→ **WORK ITEM**
Find the line containing "Herd of cattle" in the entries; transcribe it and all remaining lines through the end, exactly as they appear, but not the pictures.

■ ■ ■

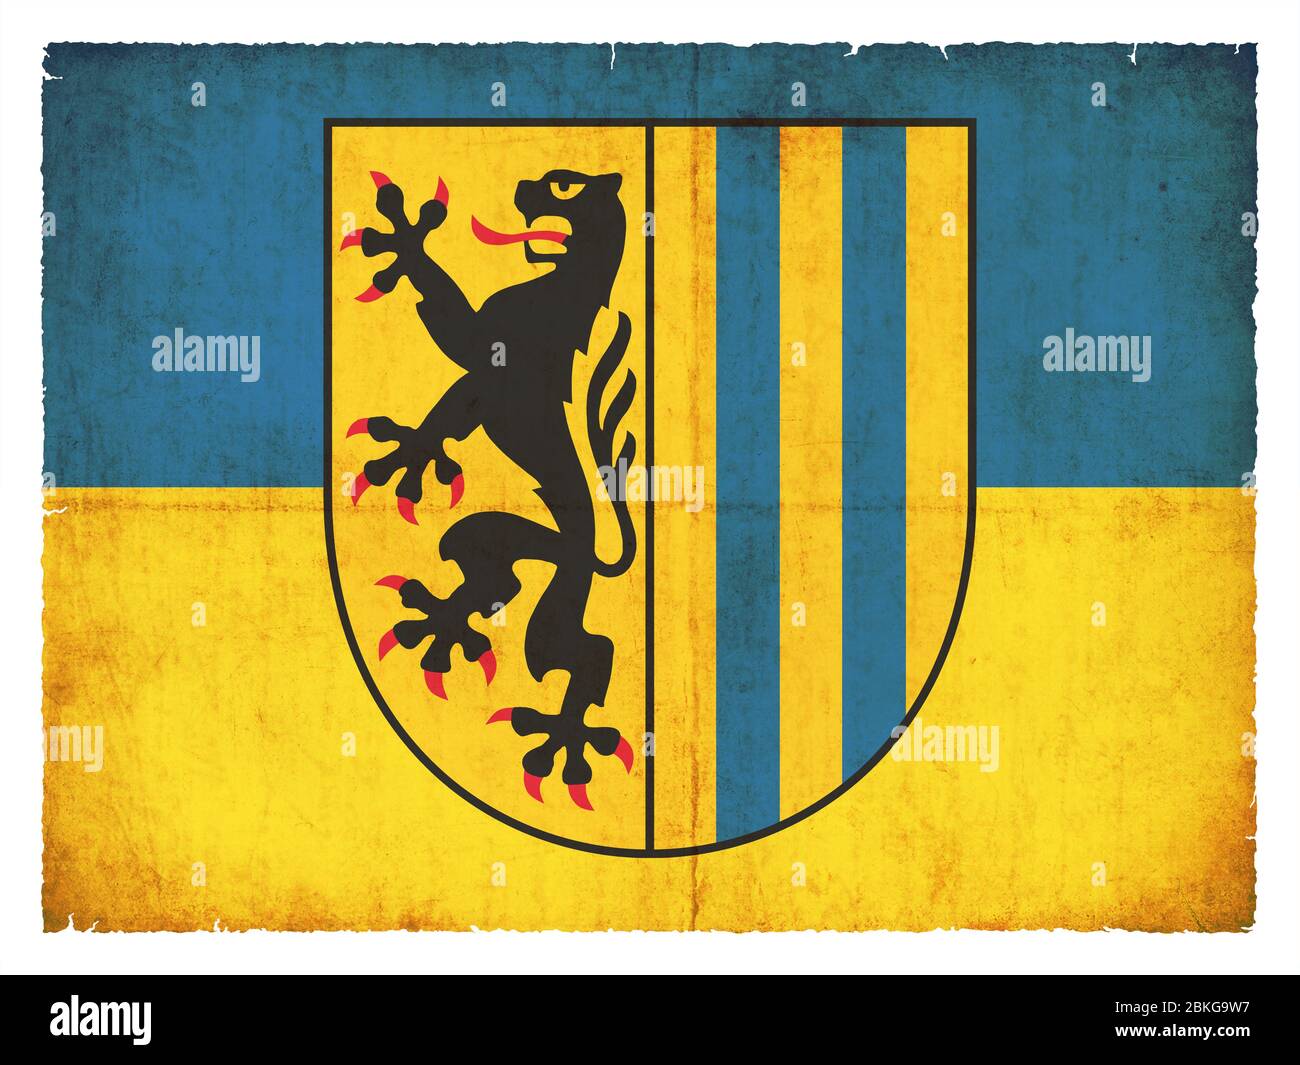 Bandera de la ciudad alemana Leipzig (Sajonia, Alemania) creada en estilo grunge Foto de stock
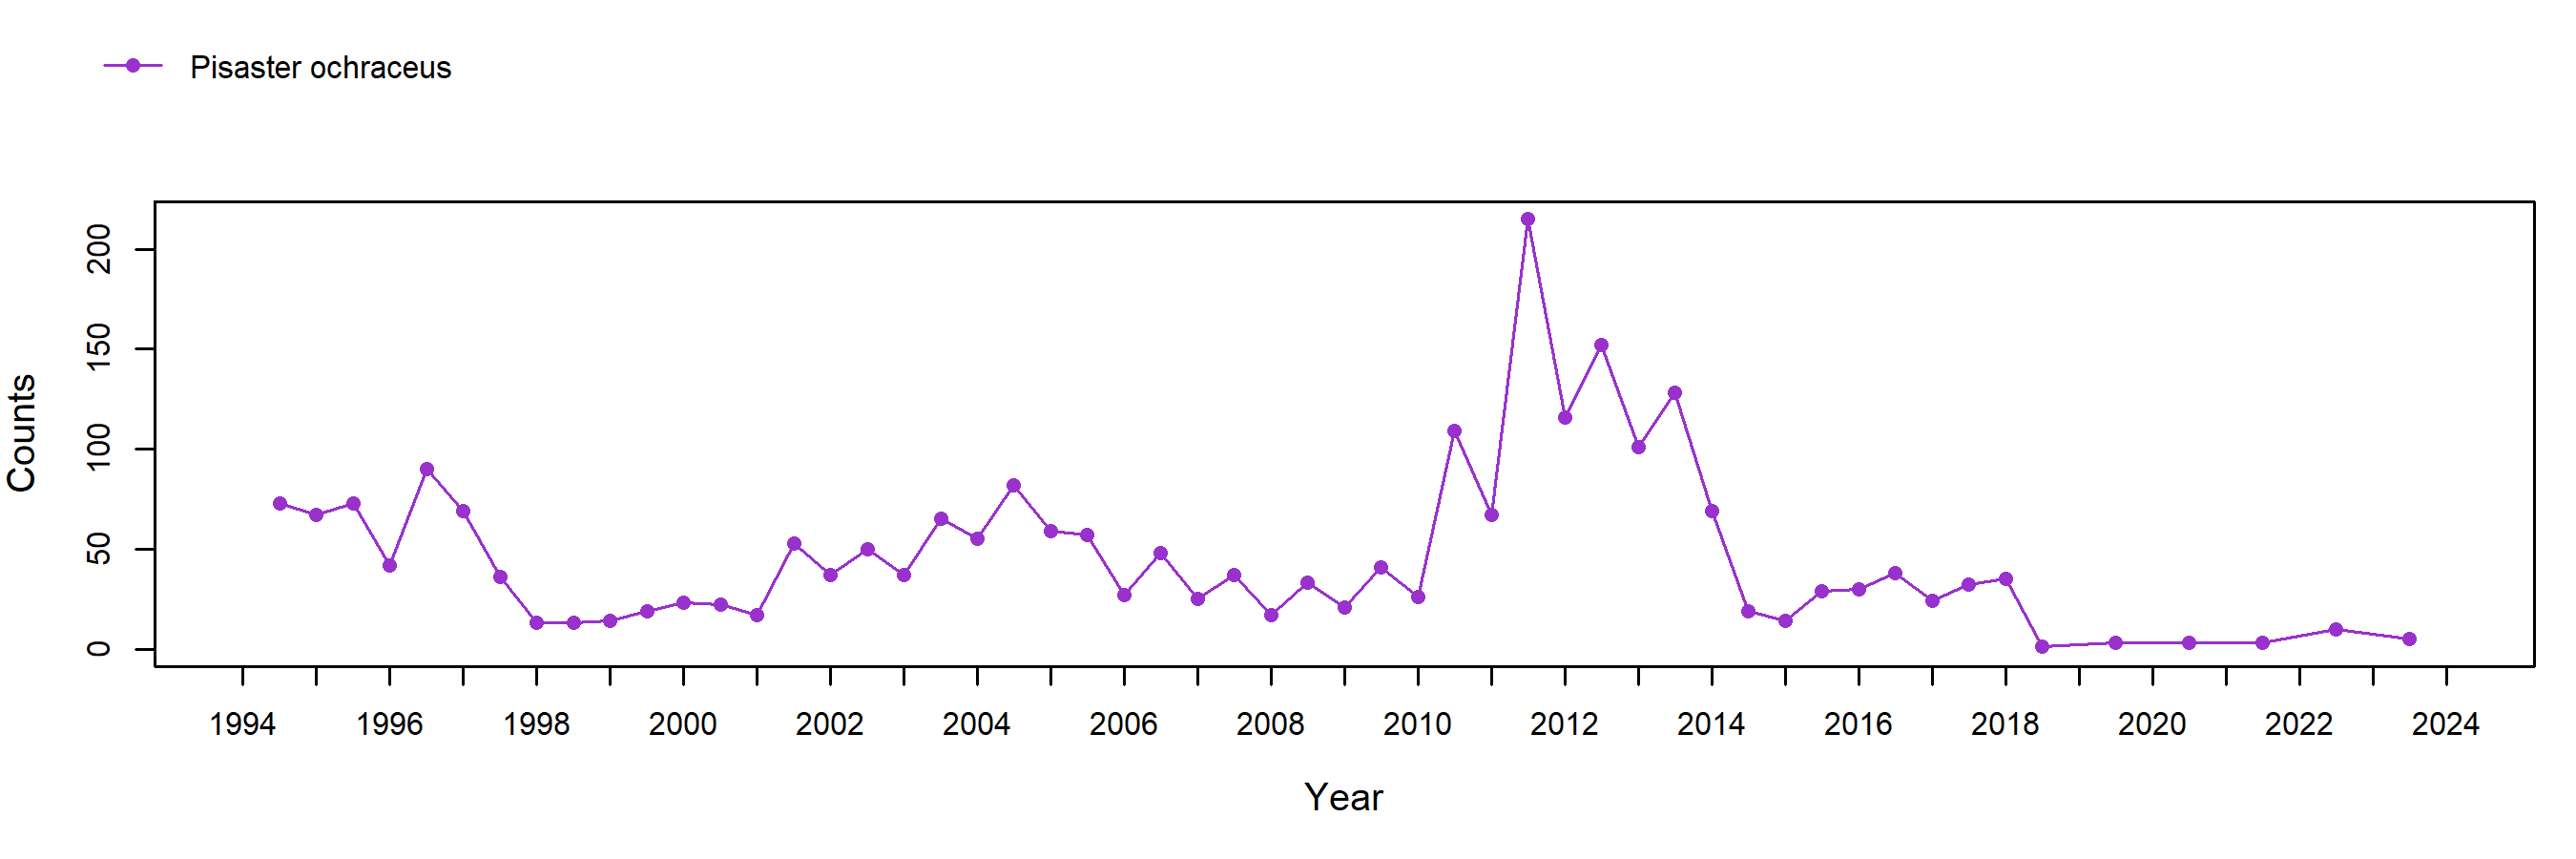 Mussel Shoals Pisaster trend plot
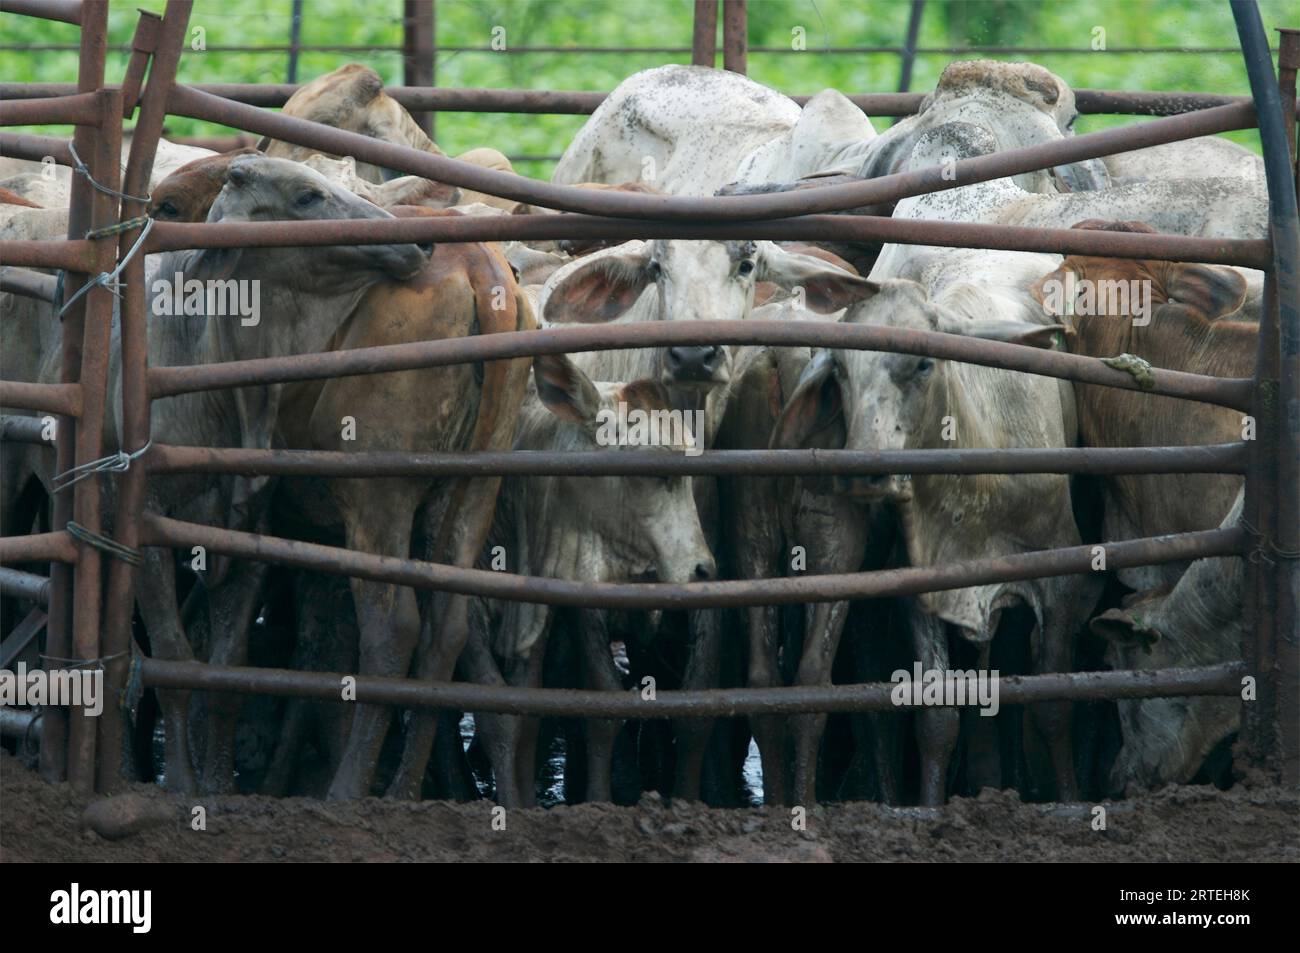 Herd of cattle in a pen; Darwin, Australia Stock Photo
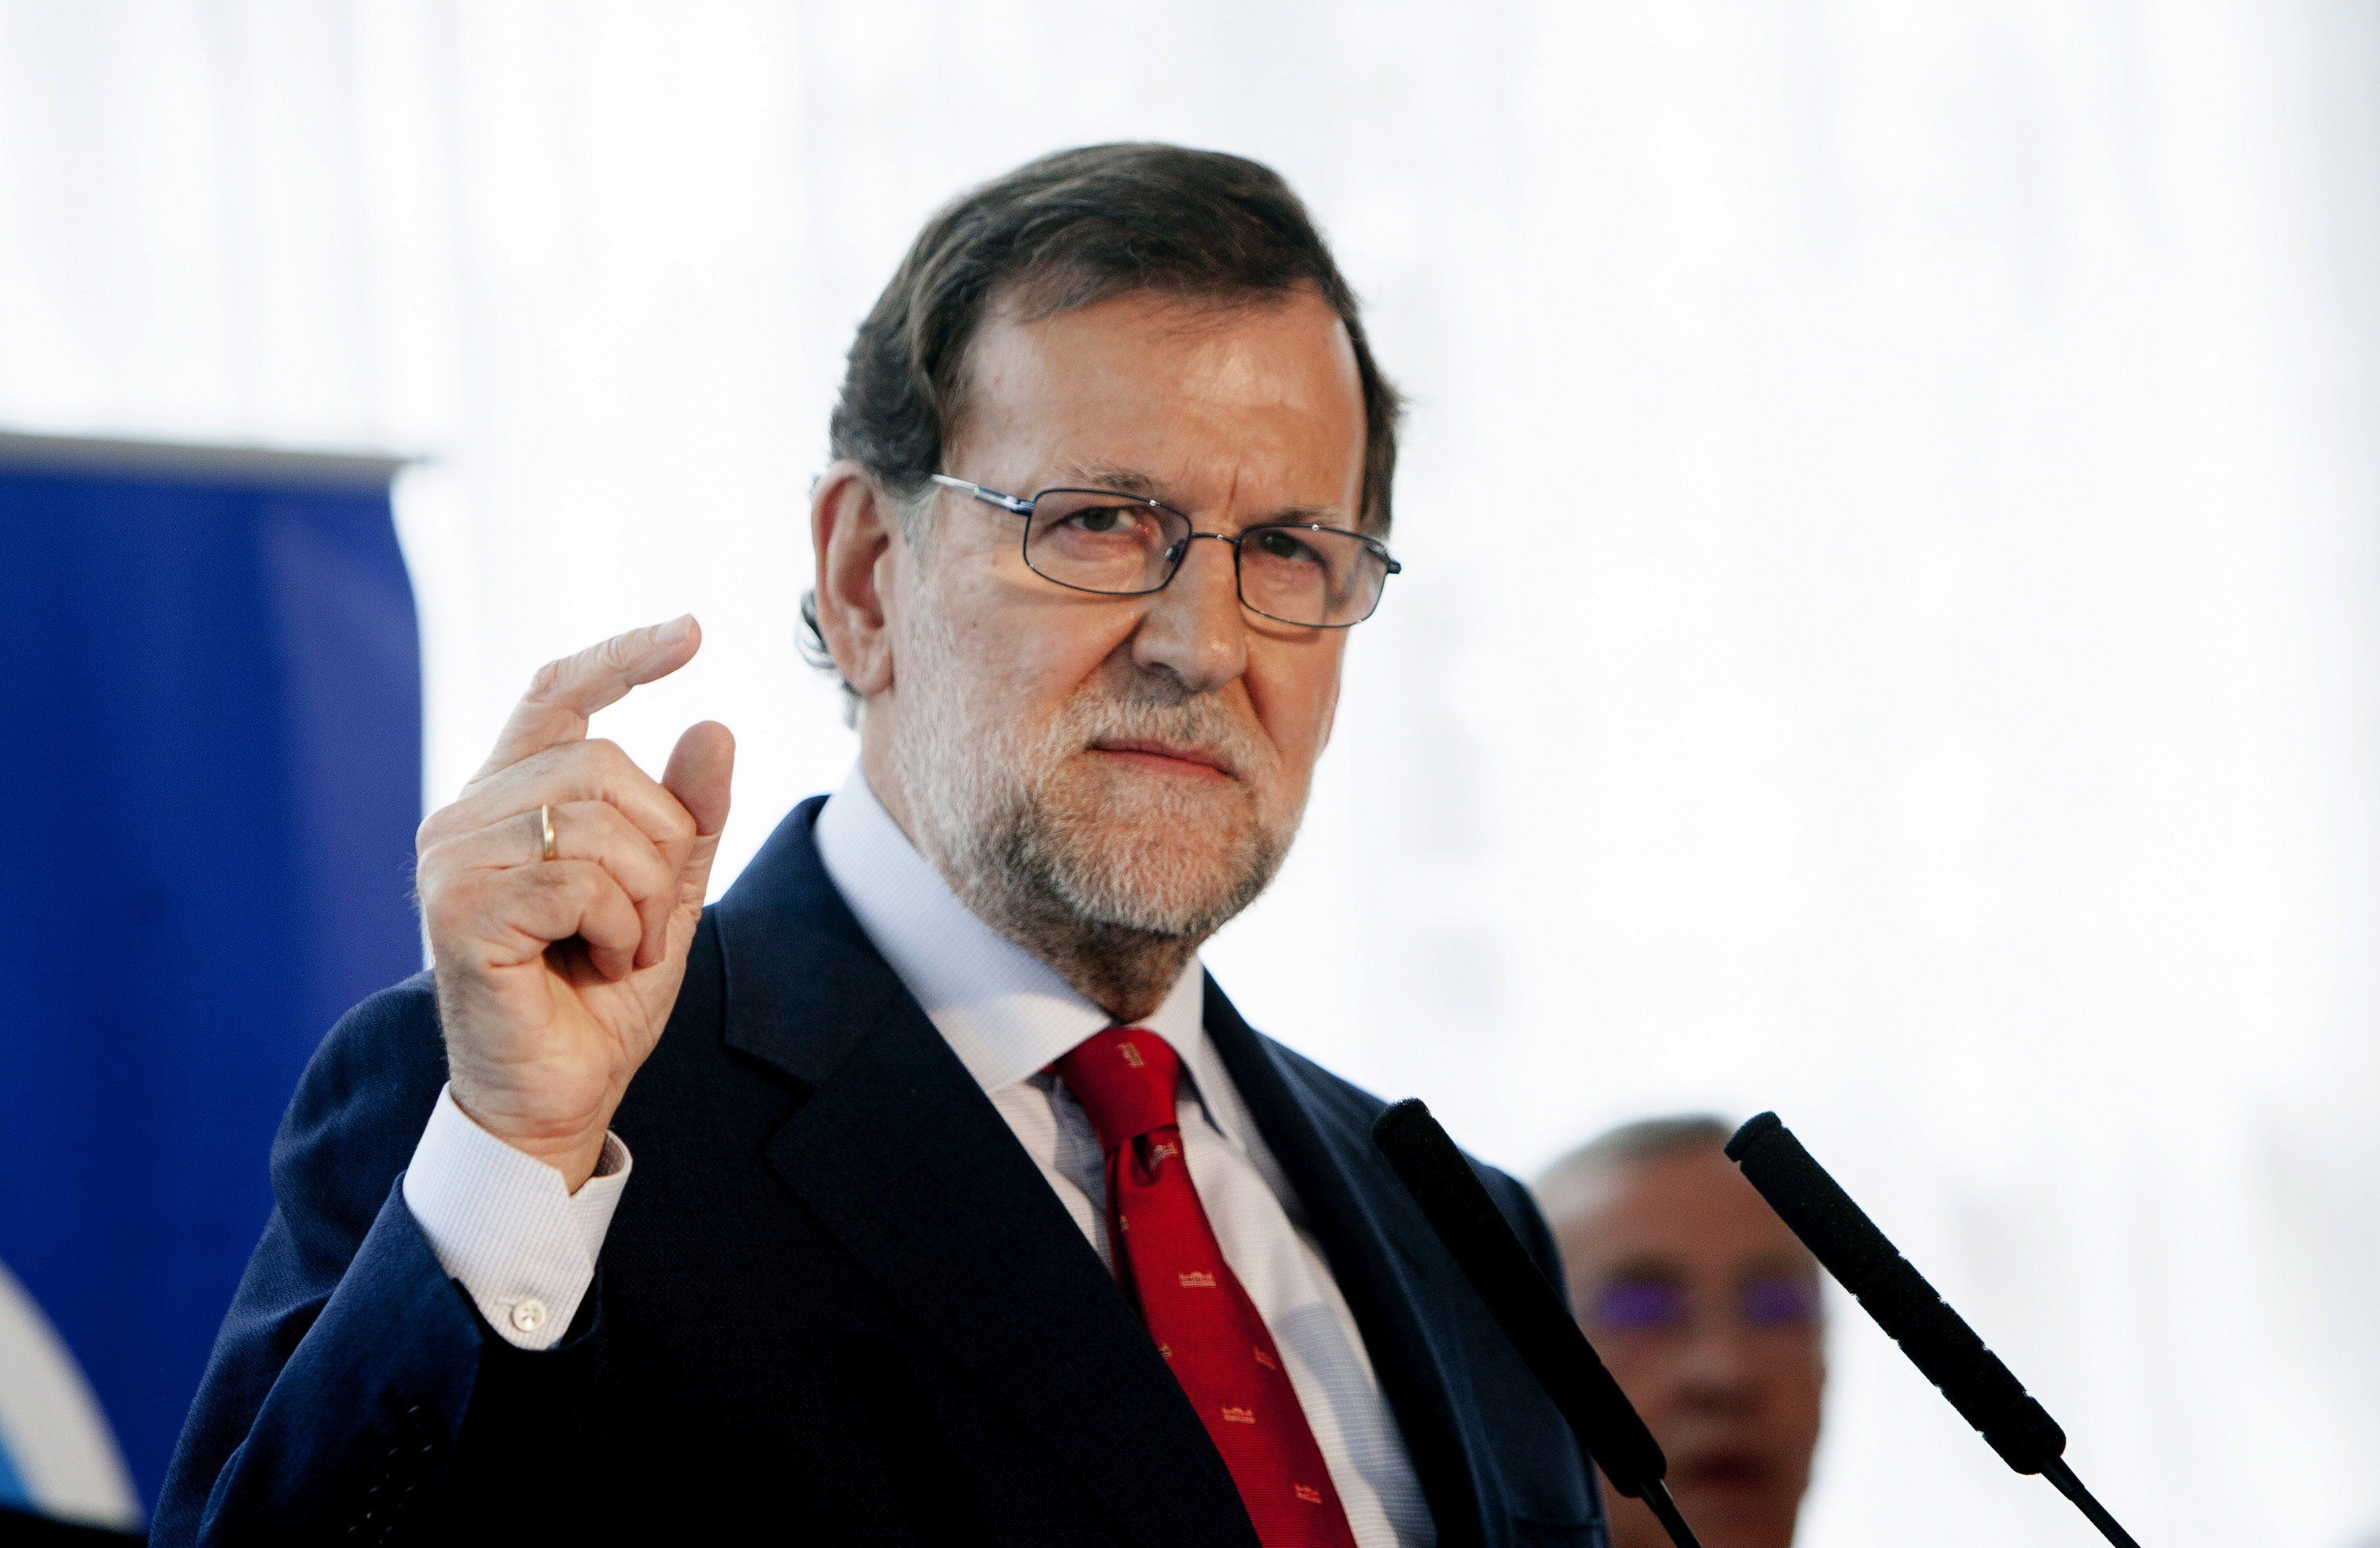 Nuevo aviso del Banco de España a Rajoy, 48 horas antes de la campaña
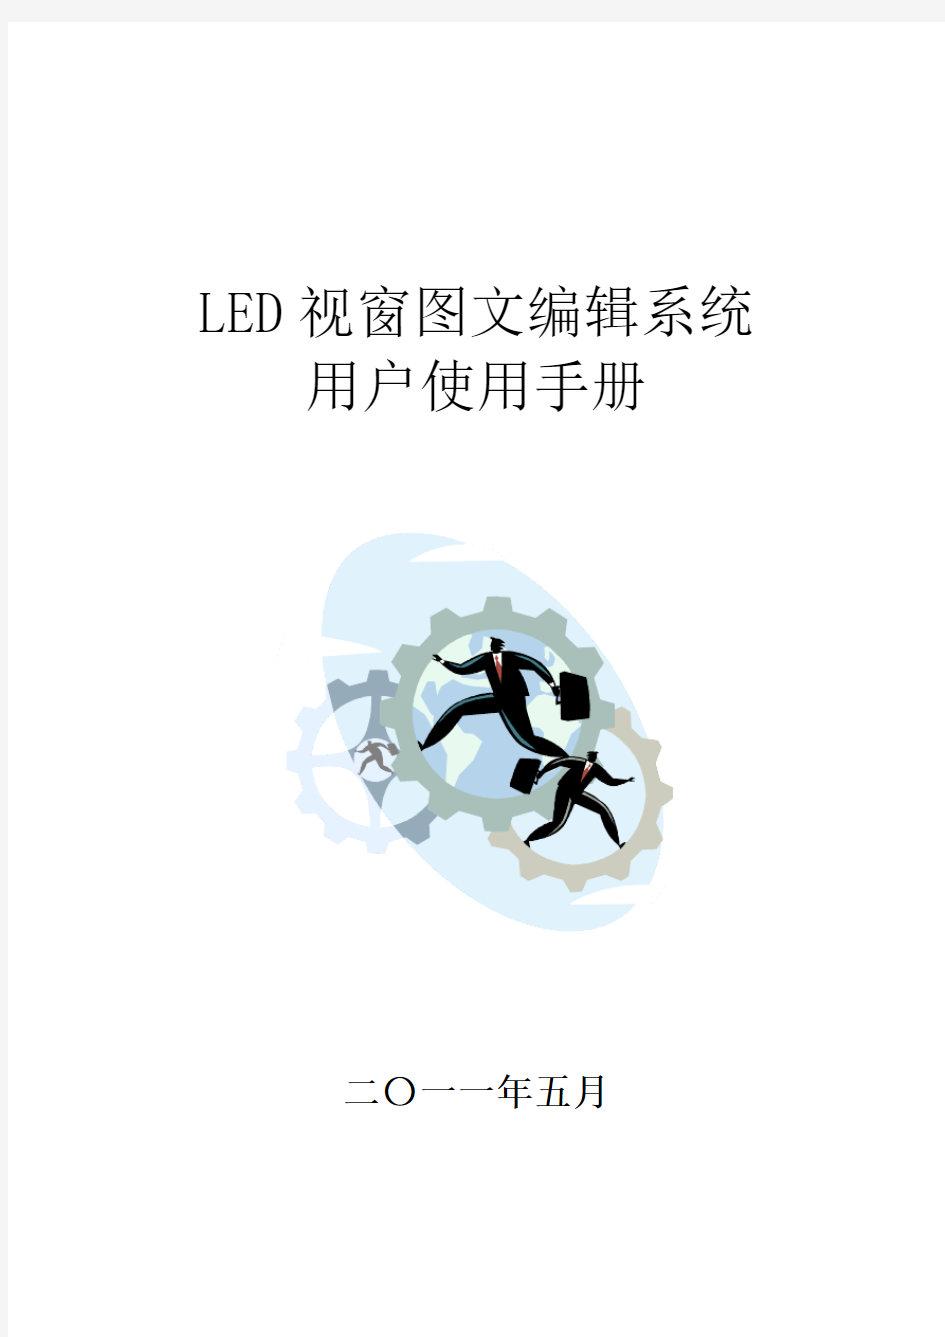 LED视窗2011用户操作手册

■ ■ ■

→ **EXERCISE RESPONSE**
 Herd of cattle in a pen; Darwin, Australia Stock Photo
 Nuevo aviso del Banco de España a Rajoy, 48 horas antes de la campaña
 LED视窗2011用户操作手册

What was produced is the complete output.